» **ASSIGNMENT**
The response must be the exact lines from the one that contains "Analysis of functional MRI data" through the end of the material, with no pictures and no additional lines.

» **COLLECTED MATERIAL**
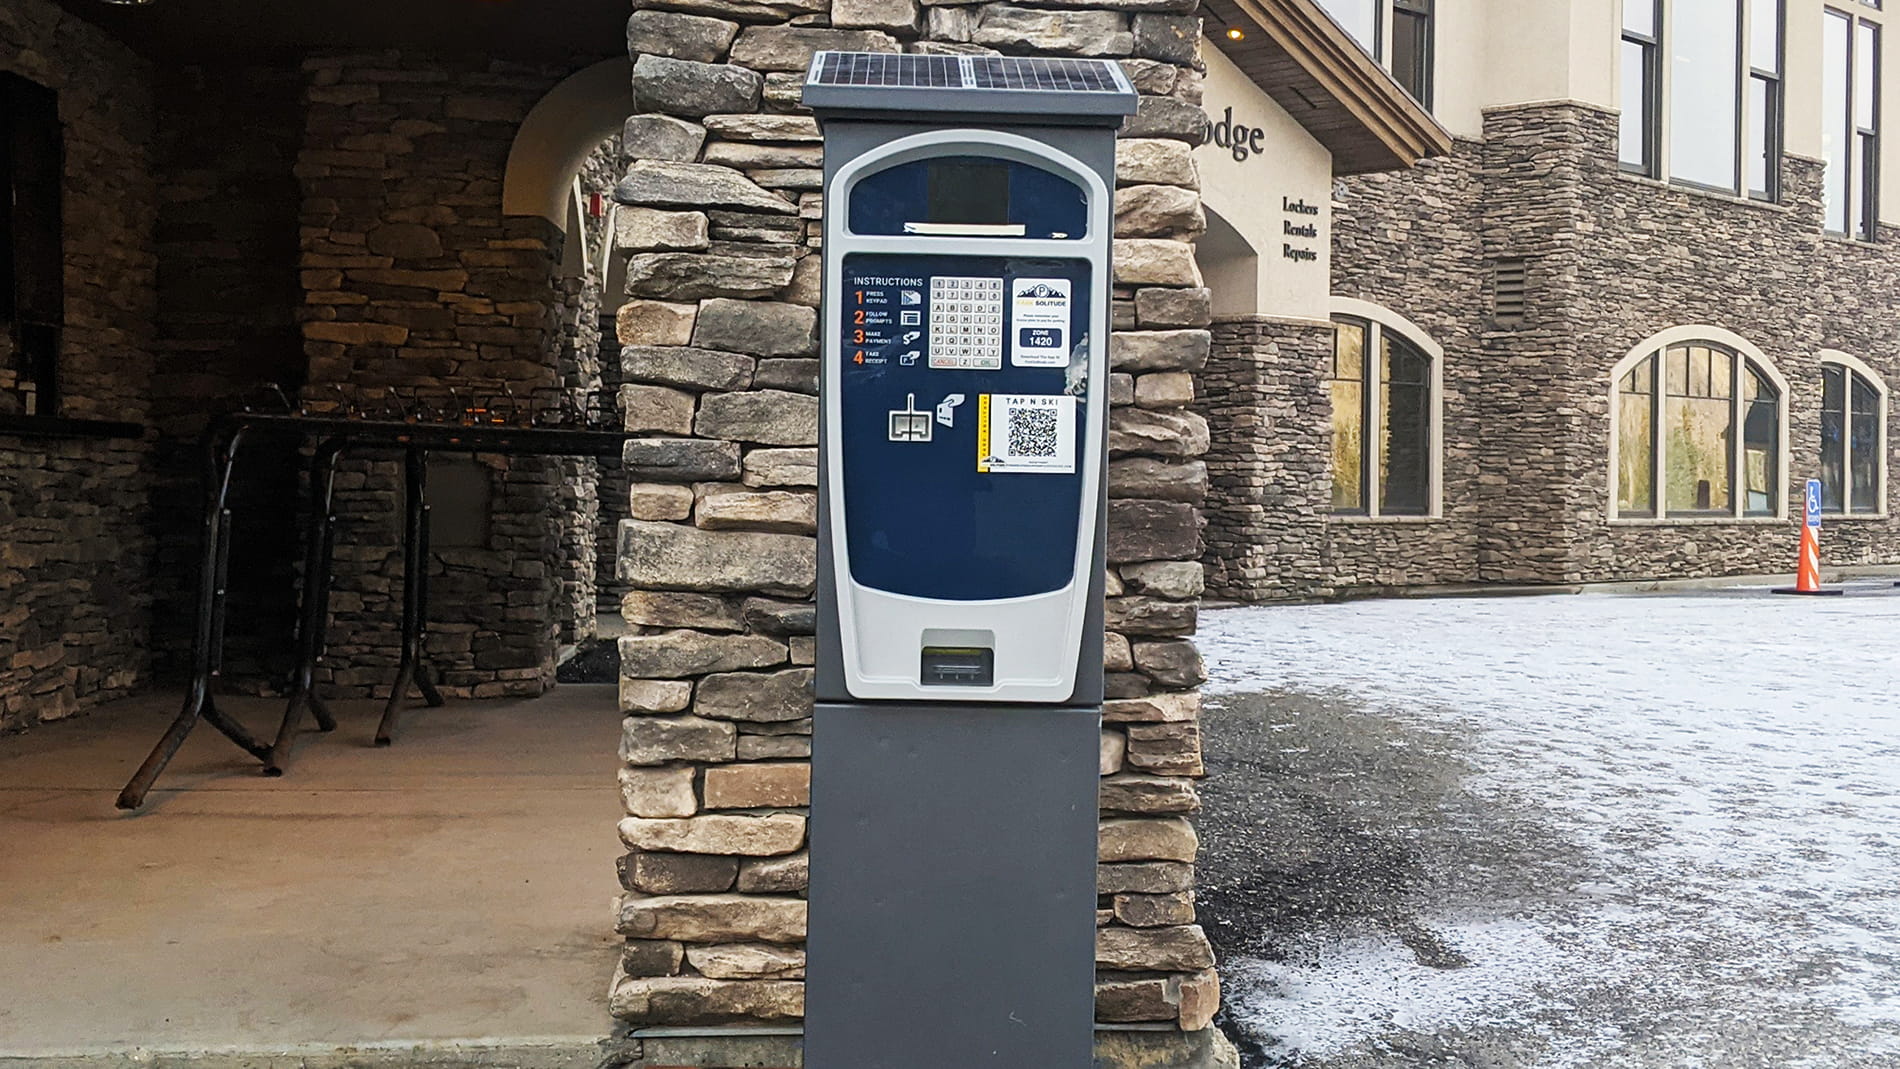 Parking fee payment kiosk
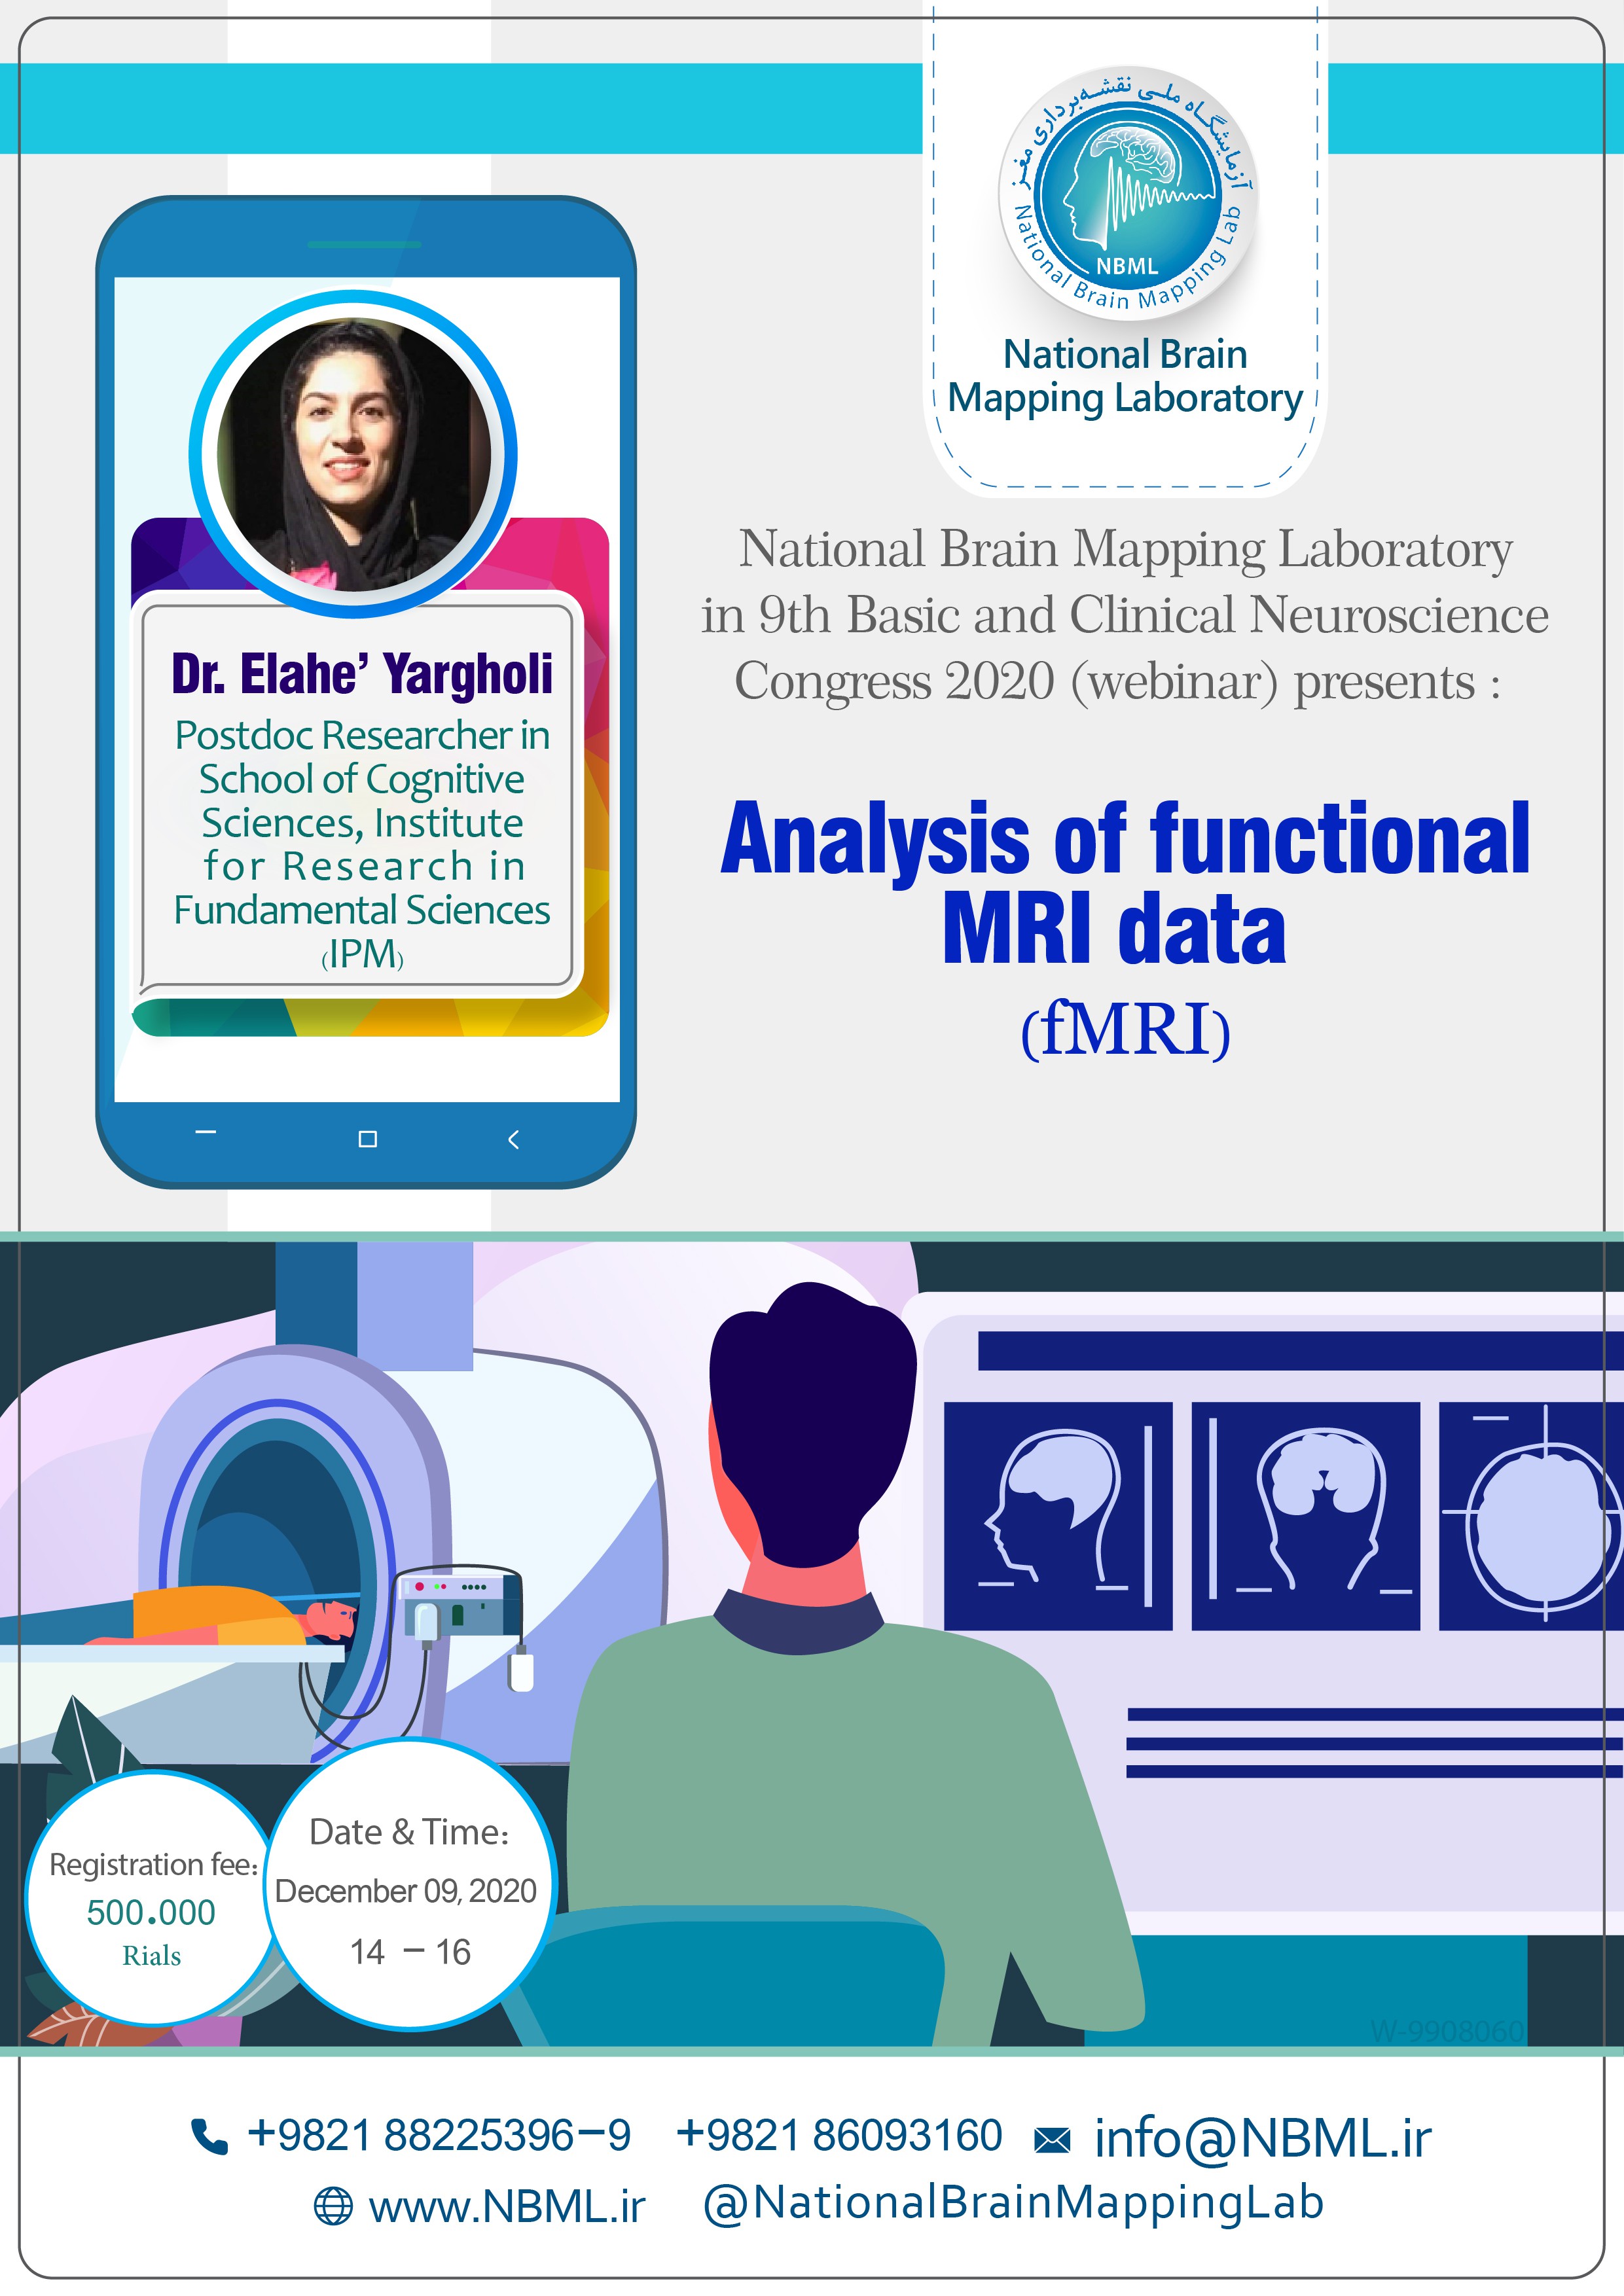 Analysis of functional MRI data
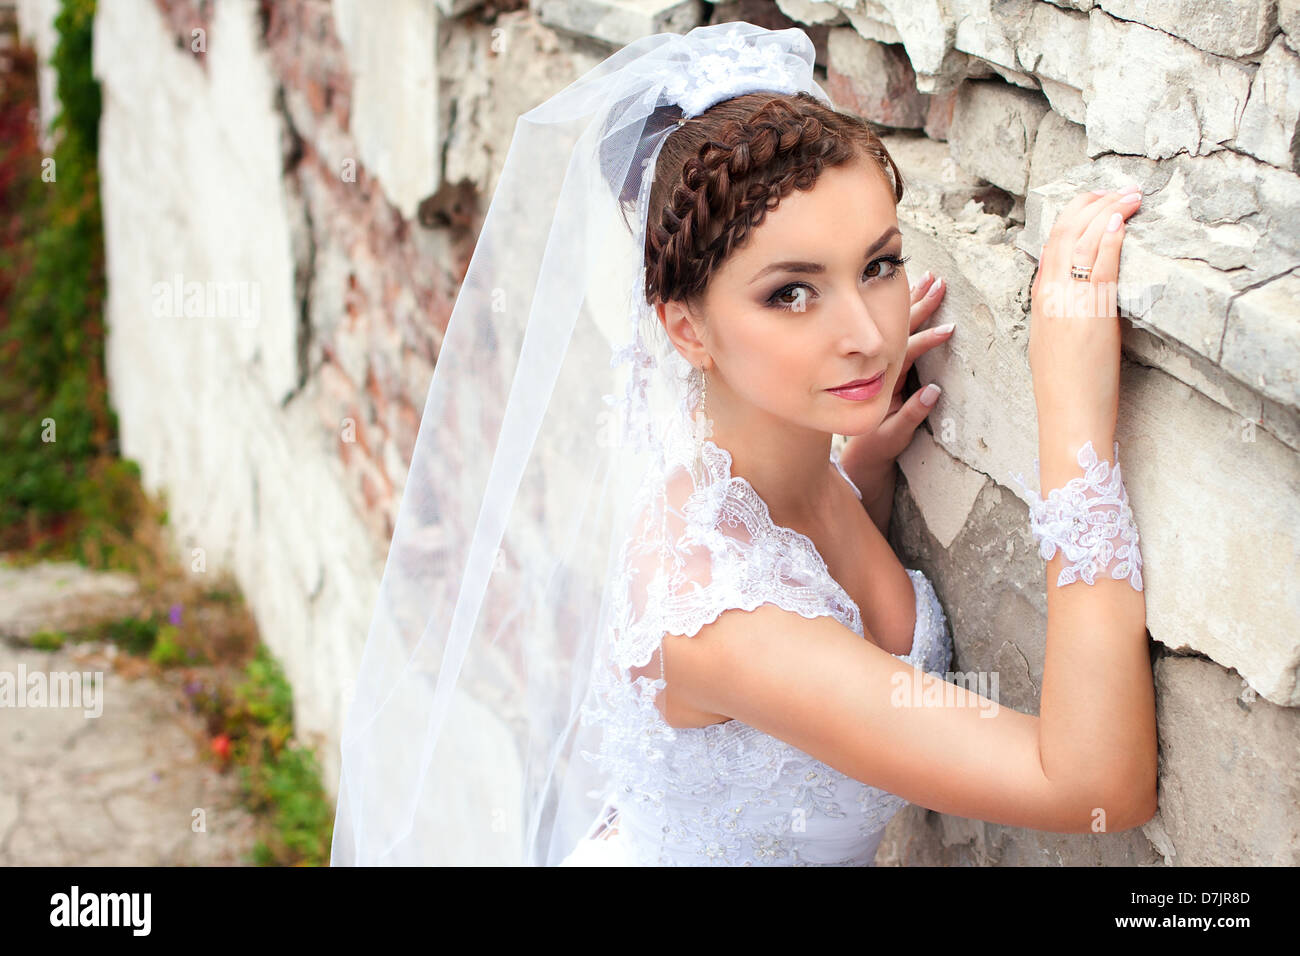 Romantic portrait of the beautiful bride near pillars Stock Photo

» **RESPONSE TO THIS TASK**
 Analysis of functional MRI data
 Romantic portrait of the beautiful bride near pillars Stock Photo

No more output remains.